Algorithm	Function	Use case
Brent's method	`brent`	Bracketed scalar root finding
Newton's method	`newton_1d`	Scalar root finding with derivative
BFGS	`minimize_bfgs`	Unconstrained minimization
Gauss-Newton	`least_squares_gn`	Nonlinear least squares (QR-based)
Levenberg-Marquardt	`least_squares_lm`	Nonlinear least squares (damped)

Finite-difference utilities: finite_difference_gradient and finite_difference_jacobian for when analytical derivatives aren't available.

Digital IIR filters

Biquad cascade IIR filters with Butterworth and Chebyshev Type I design (requires control feature):

[dependencies]
numeris = { version = "0.1", features = ["control"] }

use numeris::control::{butterworth_lowpass, chebyshev1_lowpass, BiquadCascade};

// 4th-order Butterworth lowpass at 1 kHz, 8 kHz sample rate (N=2 biquad sections)
let mut lpf: BiquadCascade<f64, 2> = butterworth_lowpass(4, 1000.0, 8000.0).unwrap();
let y = lpf.tick(1.0); // filter one sample

// Bulk processing
let input = [1.0, 0.5, -0.3, 0.8];
let mut output = [0.0; 4];
lpf.reset();
lpf.process(&input, &mut output);

// Chebyshev Type I: steeper rolloff with 1 dB passband ripple
let mut cheb: BiquadCascade<f64, 2> = chebyshev1_lowpass(4, 1.0, 1000.0, 8000.0).unwrap();

Design	Lowpass	Highpass
Butterworth	`butterworth_lowpass`	`butterworth_highpass`
Chebyshev Type I	`chebyshev1_lowpass`	`chebyshev1_highpass`

All filters are no-std compatible, use no complex number arithmetic, and work with both f32 and f64.

PID controller

Discrete-time PID controller with trapezoidal integration, derivative-on-measurement (no derivative kick), optional derivative low-pass filter, and anti-windup via back-calculation:

use numeris::control::Pid;

// PID controller at 1 kHz with output clamping
let mut pid = Pid::new(2.0_f64, 0.5, 0.1, 0.001)
    .with_output_limits(-10.0, 10.0)
    .with_derivative_filter(0.01); // first-order LPF on derivative

// Control loop
let setpoint = 1.0;
let mut measurement = 0.0;
for _ in 0..1000 {
    let u = pid.tick(setpoint, measurement);
    measurement += 0.001 * (-measurement + u); // simple plant
}
assert!((measurement - setpoint).abs() < 0.01);

Complex matrices

Enable the complex feature to use decompositions with complex elements:

[dependencies]
numeris = { version = "0.1", features = ["complex"] }

use numeris::{Complex, Matrix, Vector};

type C = Complex<f64>;

let a = Matrix::new([
    [C::new(2.0, 1.0), C::new(1.0, -1.0)],
    [C::new(1.0, 0.0), C::new(3.0, 2.0)],
]);
let b = Vector::from_array([C::new(5.0, 3.0), C::new(7.0, 4.0)]);
let x = a.solve(&b).unwrap();

// Hermitian positive-definite Cholesky (A = L * L^H)
let hpd = Matrix::new([
    [C::new(4.0, 0.0), C::new(2.0, 1.0)],
    [C::new(2.0, -1.0), C::new(5.0, 0.0)],
]);
let chol = hpd.cholesky().unwrap();

Complex support adds zero overhead to real-valued code paths.
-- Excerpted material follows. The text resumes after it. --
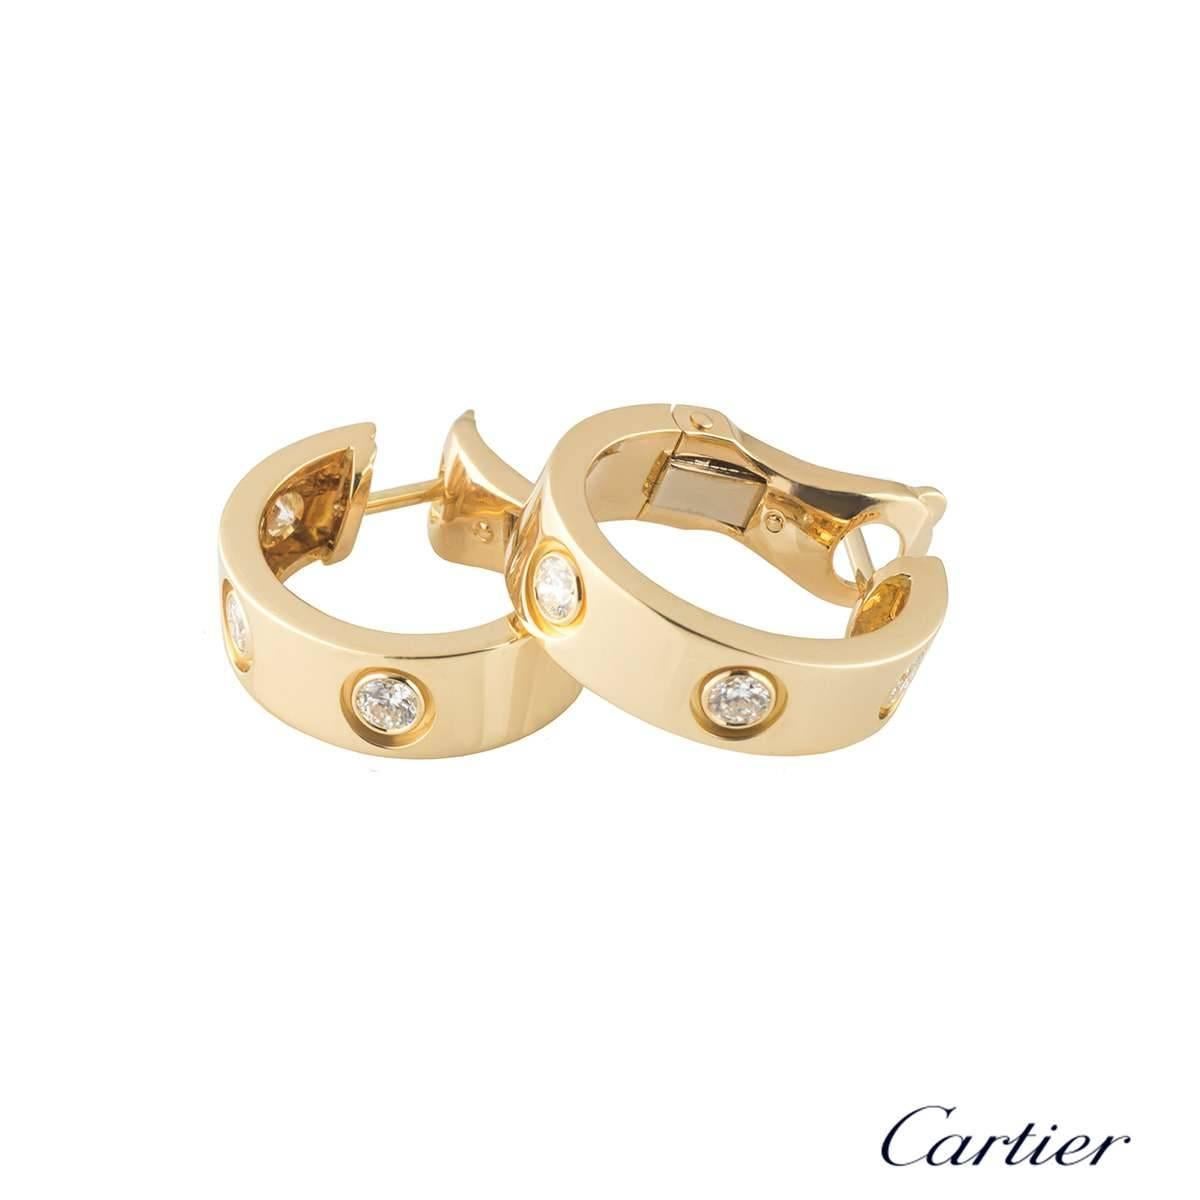 A pair of 18k yellow gold diamond earrings from the iconic Love collection by Cartier. Each hoop earring is set with 3 round brilliant cut diamonds. The earrings are 18mm in length and 5mm in width and feature a post and lever hinged fittings. The

The LinalgScalar trait methods (modulus, conj, etc.) are #[inline] identity functions for f32/f64, fully erased by the compiler.

Cargo features

Feature	Default	Description
`std`	yes	Implies `alloc`. Uses hardware FPU via system libm.
`alloc`	via `std`	Enables `DynMatrix` / `DynVector` (heap-allocated, runtime-sized).
`ode`	yes	ODE integration (RK4, adaptive solvers).
`optim`	no	Optimization (root finding, BFGS, Gauss-Newton, LM).
`control`	no	Digital IIR filters (Butterworth, Chebyshev Type I).
`libm`	baseline	Pure-Rust software float math. Always available as fallback.
`complex`	no	Adds `Complex<f32>` / `Complex<f64>` support via `num-complex`.
`all`	no	All features: `std` + `ode` + `optim` + `control` + `complex`.

# Default (std + ode)
cargo build

# All features
cargo build --features all

# No-std for embedded
cargo build --no-default-features --features libm

# No-std with dynamic matrices
cargo build --no-default-features --features "libm,alloc"

# With optimization and complex support
cargo build --features "optim,complex"

Module overview

`matrix` — Fixed-size matrix

Matrix<T, M, N> with [[T; N]; M] row-major storage.

Arithmetic: +, -, * (matrix and scalar), negation, element-wise multiply/divide
Indexing: m[(i, j)], row/column access, block extraction and insertion
Square: trace, det, diag, from_diag, pow, is_symmetric, eye
Norms: frobenius_norm, norm_inf, norm_one
Utilities: transpose, from_fn, map, swap_rows, swap_cols, sum, abs
Iteration: iter(), iter_mut(), as_slice(), IntoIterator

Vectors are type aliases: Vector<T, N> = Matrix<T, 1, N> (row vector), ColumnVector<T, N> = Matrix<T, N, 1>.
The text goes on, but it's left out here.